Division of Cardiology, Department of Medicine, University of Colorado.
Department of Emergency Medicine, University of Colorado, Aurora, Colorado, USA.
Curr Opin Crit Care. 2021 Jun 1;27(3):239-245. doi: 10.1097/MCC.0000000000000817.
The emergence of severe acute respiratory syndrome coronavirus 2 virus, which causes coronavirus disease 2019 (COVID-19), led to the declaration of a global pandemic by the World Health Organization on March 11, 2020. As of February 6, 2021, over 105 million persons have been infected in 223 countries and there have been 2,290,488 deaths. As a result, emergency medical services and hospital systems have undergone unprecedented healthcare delivery reconfigurations. Here, we review the effects of the COVID-19 pandemic on out-of-hospital cardiac arrest (OHCA) epidemiology and systems of care.

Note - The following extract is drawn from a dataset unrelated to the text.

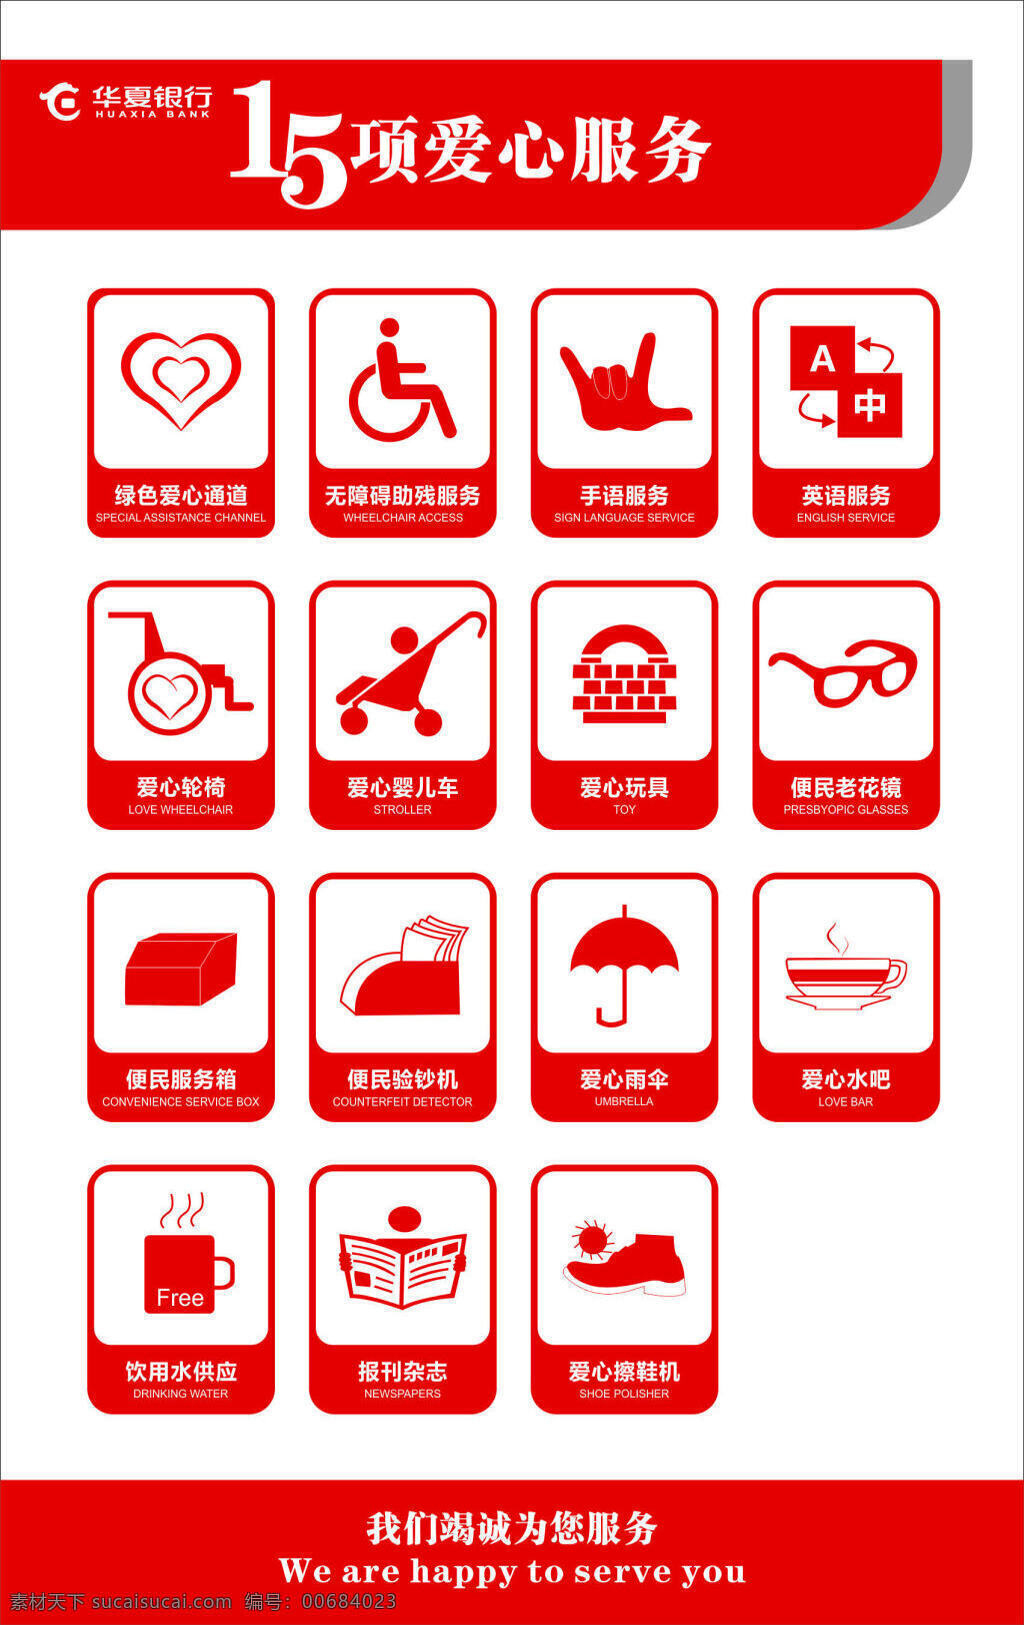 爱心 服务 报刊杂志 便民 华夏银行 轮椅 爱心服务 爱心雨伞 老花镜 白色

Areas severely affected by the pandemic have reported increased incidence of OHCA, lower rates of successful resuscitation, and increased mortality. COVID-19 has significantly impacted patient outcomes through increased disease severity, decreased access to care, and the reshaping of emergency medical response and hospital-based healthcare systems and policies. The pandemic has negatively influenced attitudes toward resuscitation and challenged providers with novel ethical dilemmas provoked by the scarcity of healthcare resources.
The COVID-19 pandemic has had direct, indirect, psychosocial, and ethical impacts on the cardiac arrest chain of survival.
严重急性呼吸综合征冠状病毒 2 型病毒(SARS-CoV-2)的出现导致了 2019 年冠状病毒病(COVID-19)的爆发,世界卫生组织于 2020 年 3 月 11 日宣布全球大流行。截至 2021 年 2 月 6 日,全球 223 个国家和地区已累计报告超过 1.05 亿例确诊病例,229 万 488 人死亡。因此,紧急医疗服务和医院系统经历了前所未有的医疗服务重新配置。在这里,我们回顾 COVID-19 大流行对院外心脏骤停(OHCA)流行病学和护理系统的影响。
受大流行严重影响的地区报告 OHCA 发病率增加、复苏成功率降低和死亡率增加。COVID-19 通过增加疾病严重程度、减少获得护理的机会以及重塑紧急医疗反应和基于医院的医疗保健系统和政策,对患者预后产生了重大影响。大流行对复苏的态度产生了负面影响,并通过医疗资源的稀缺性给提供者带来了新的伦理困境。
COVID-19 大流行对心脏骤停生存链产生了直接、间接、心理社会和伦理影响。